▶ [Information shown]
-- Opening Marker --
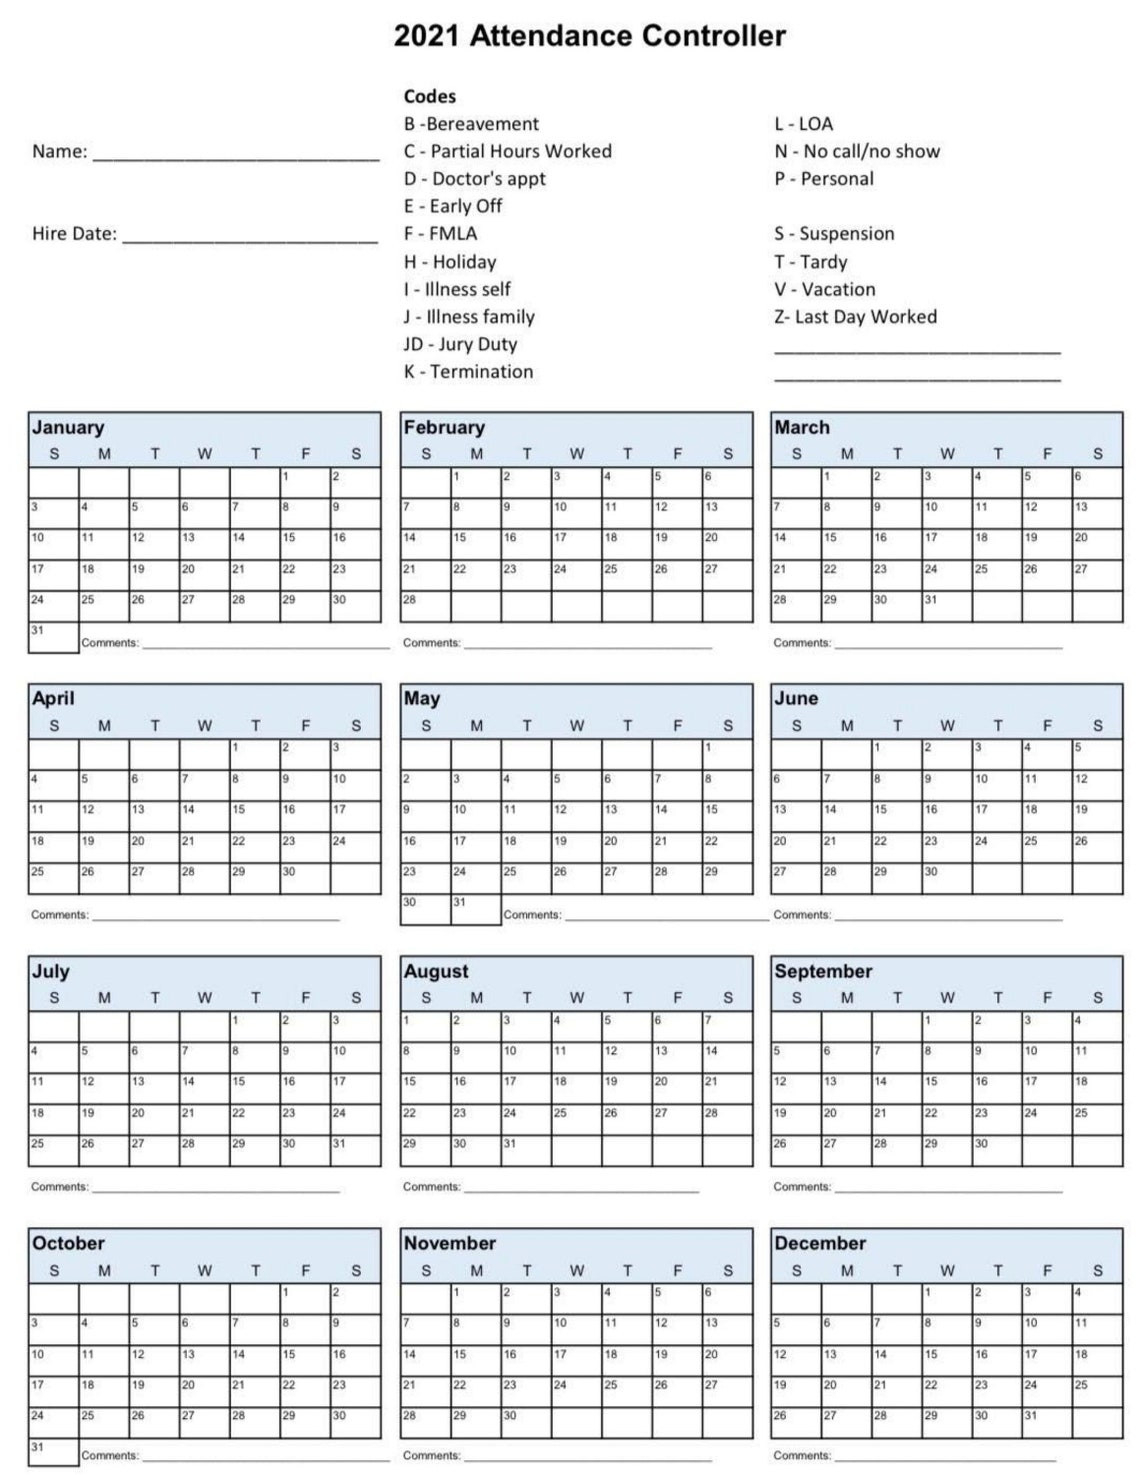 2021 Employee School Attendance Tracker Calendar Employee-2021 Attendance Tracker
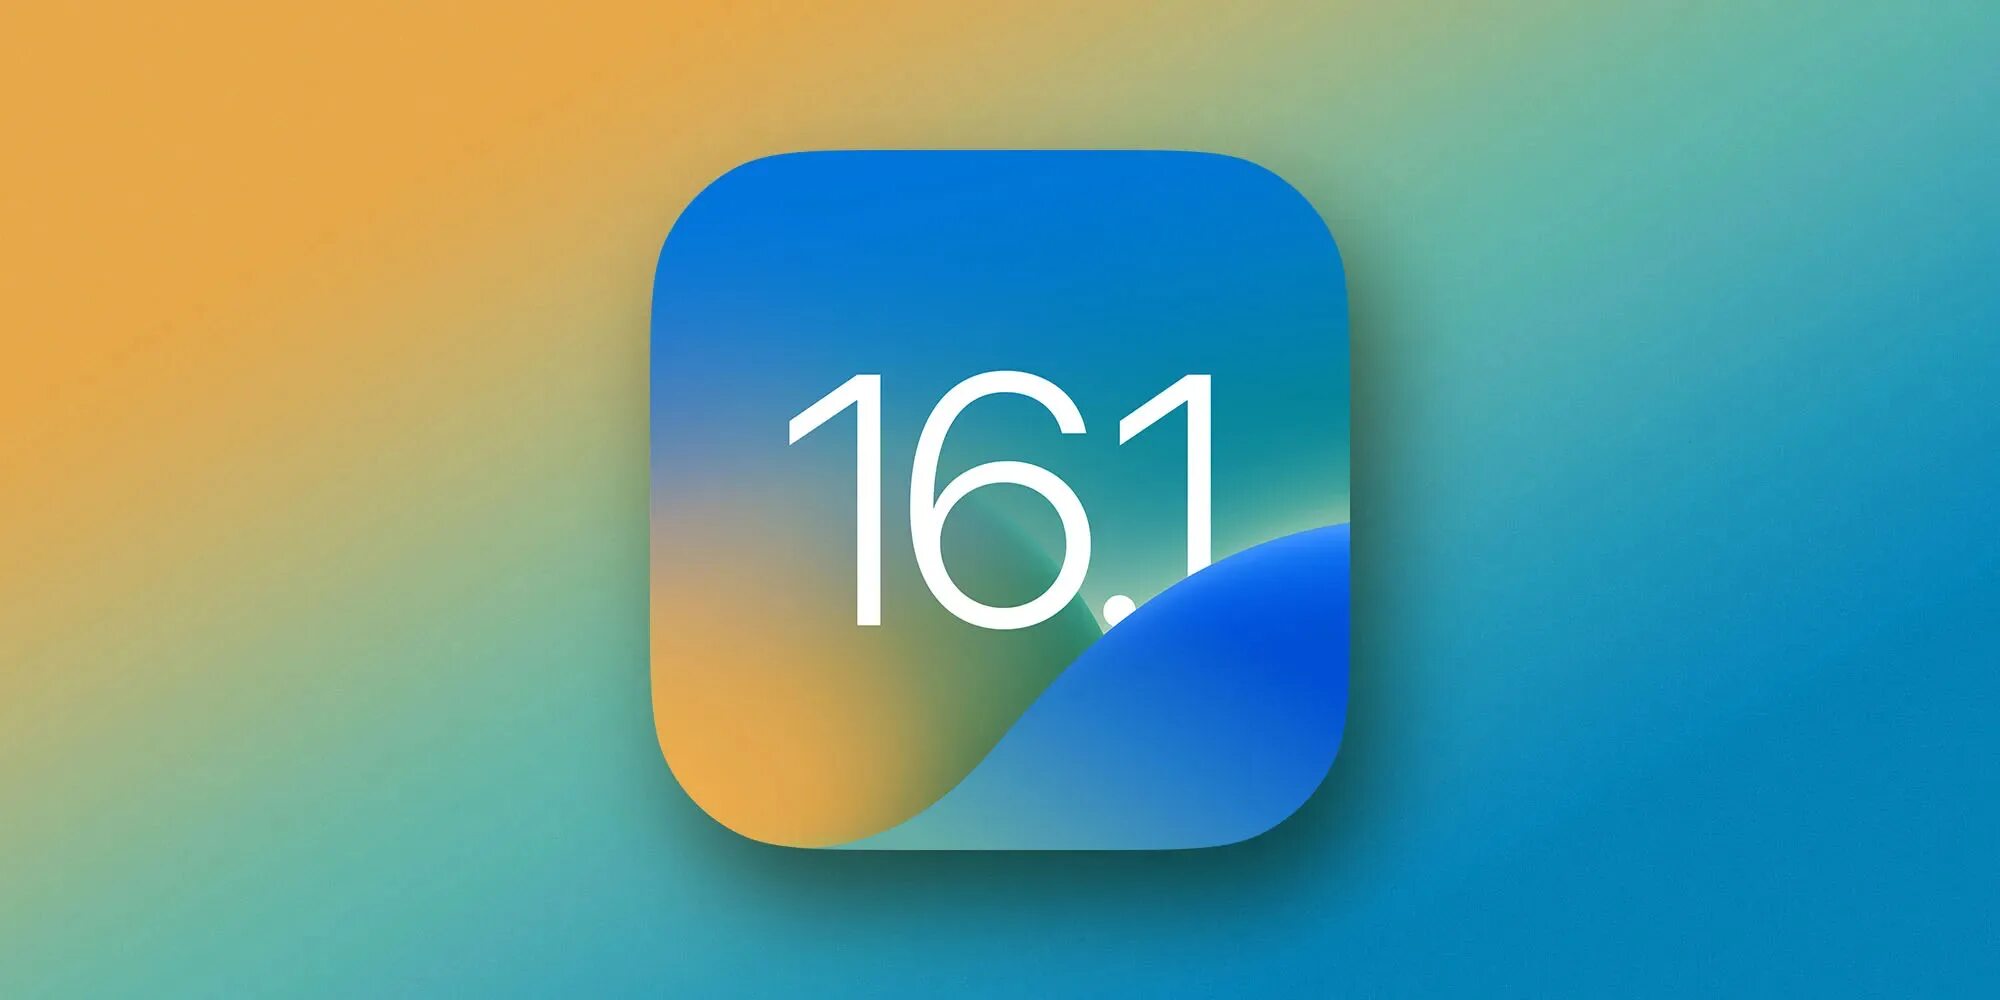 Айос 14. Иос 16. Айос 16.0.3. Apple выпустила новую версию IOS. Новое айфон ios 16
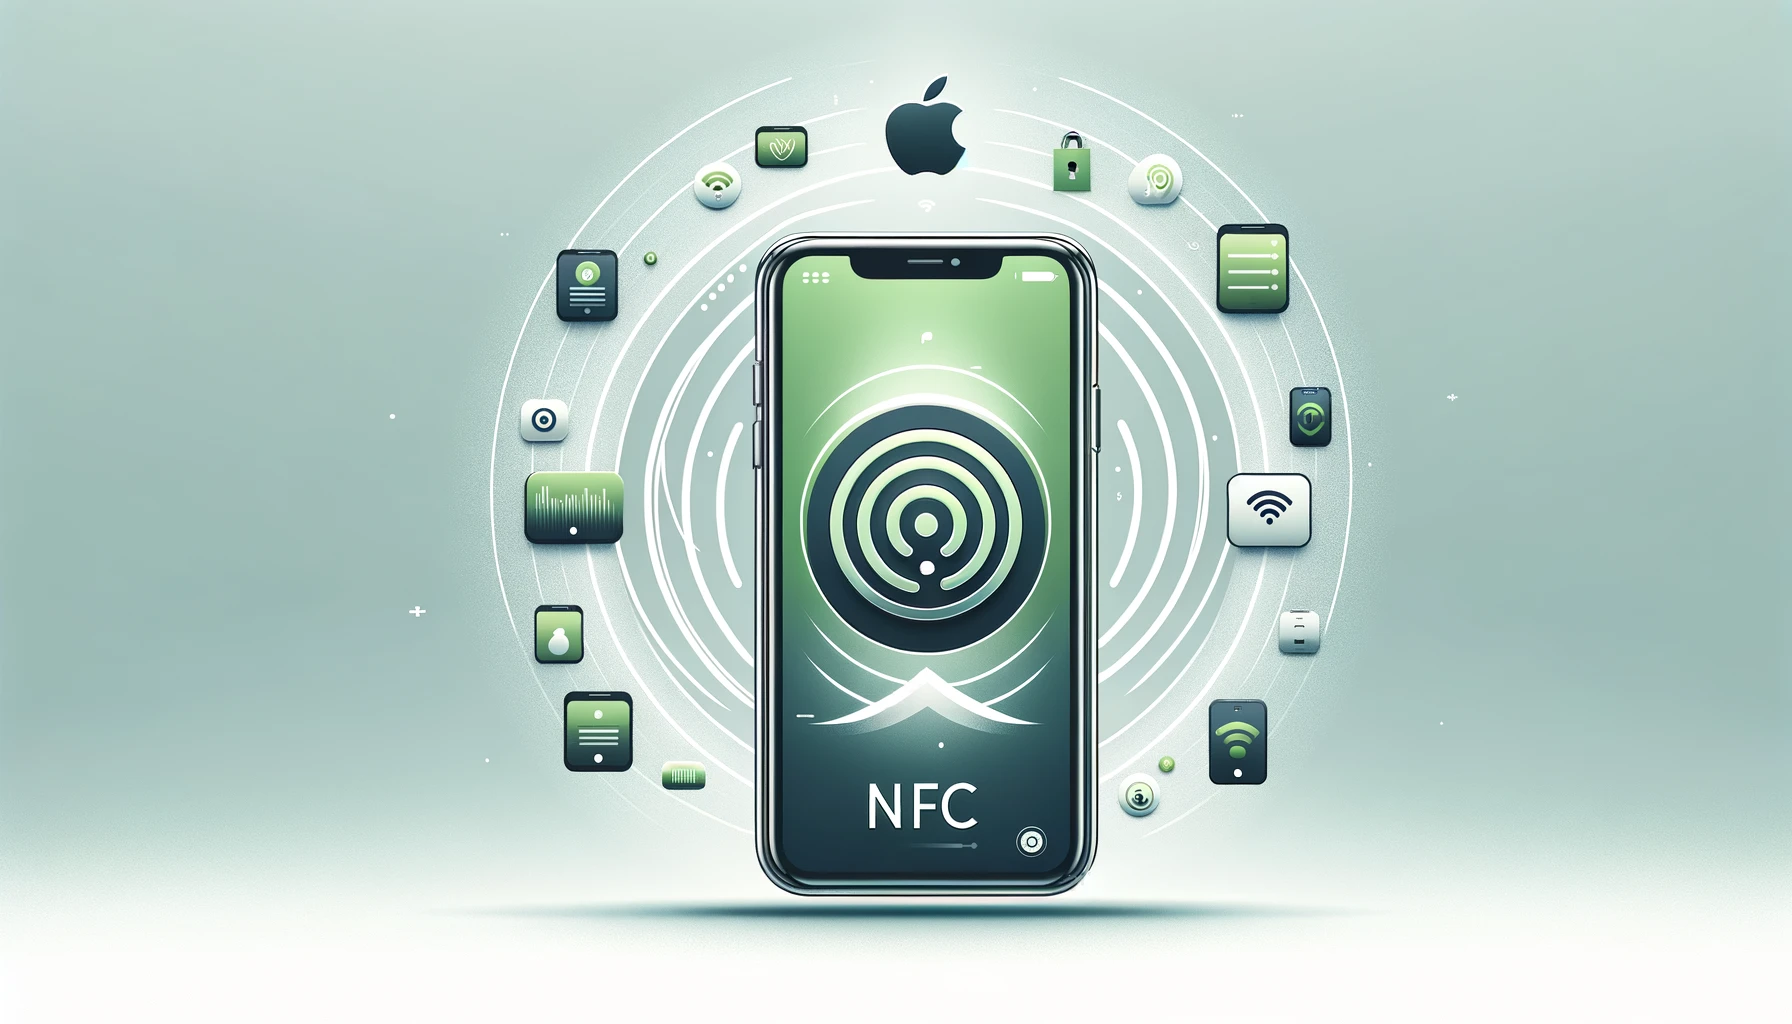 なぜ NFC が重要なのか
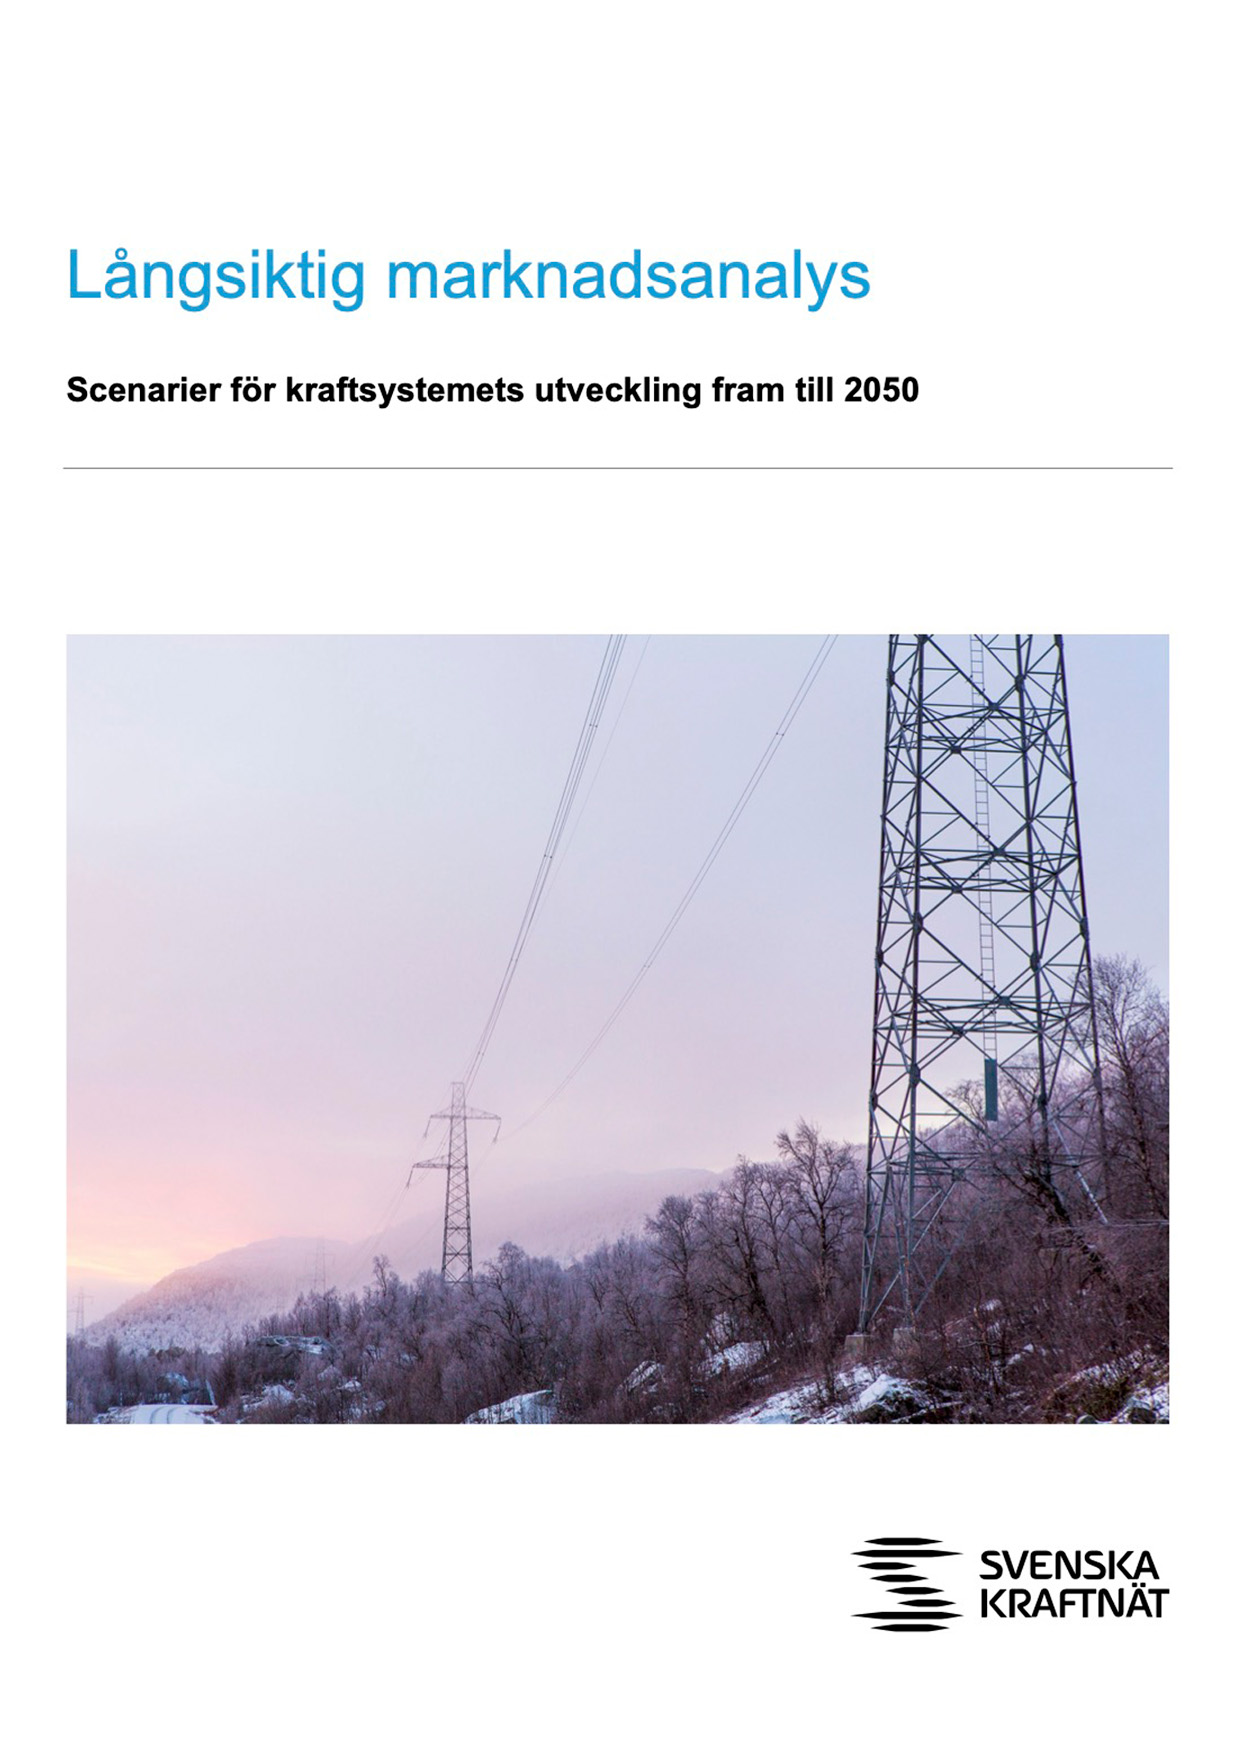 Framsida Långsiktig marknadsanalys med bild på kraftledning och kraftledningsstolpar i vinterlandskap
-- Closing Marker --
▶ [Aim of the exercise] Print all the lines above exactly as they are, but without the pictures.

▶ [Result below]
 2021 Employee School Attendance Tracker Calendar Employee-2021 Attendance Tracker
 Айос 14. Иос 16. Айос 16.0.3. Apple выпустила новую версию IOS. Новое айфон ios 16
 なぜ NFC が重要なのか
 Framsida Långsiktig marknadsanalys med bild på kraftledning och kraftledningsstolpar i vinterlandskap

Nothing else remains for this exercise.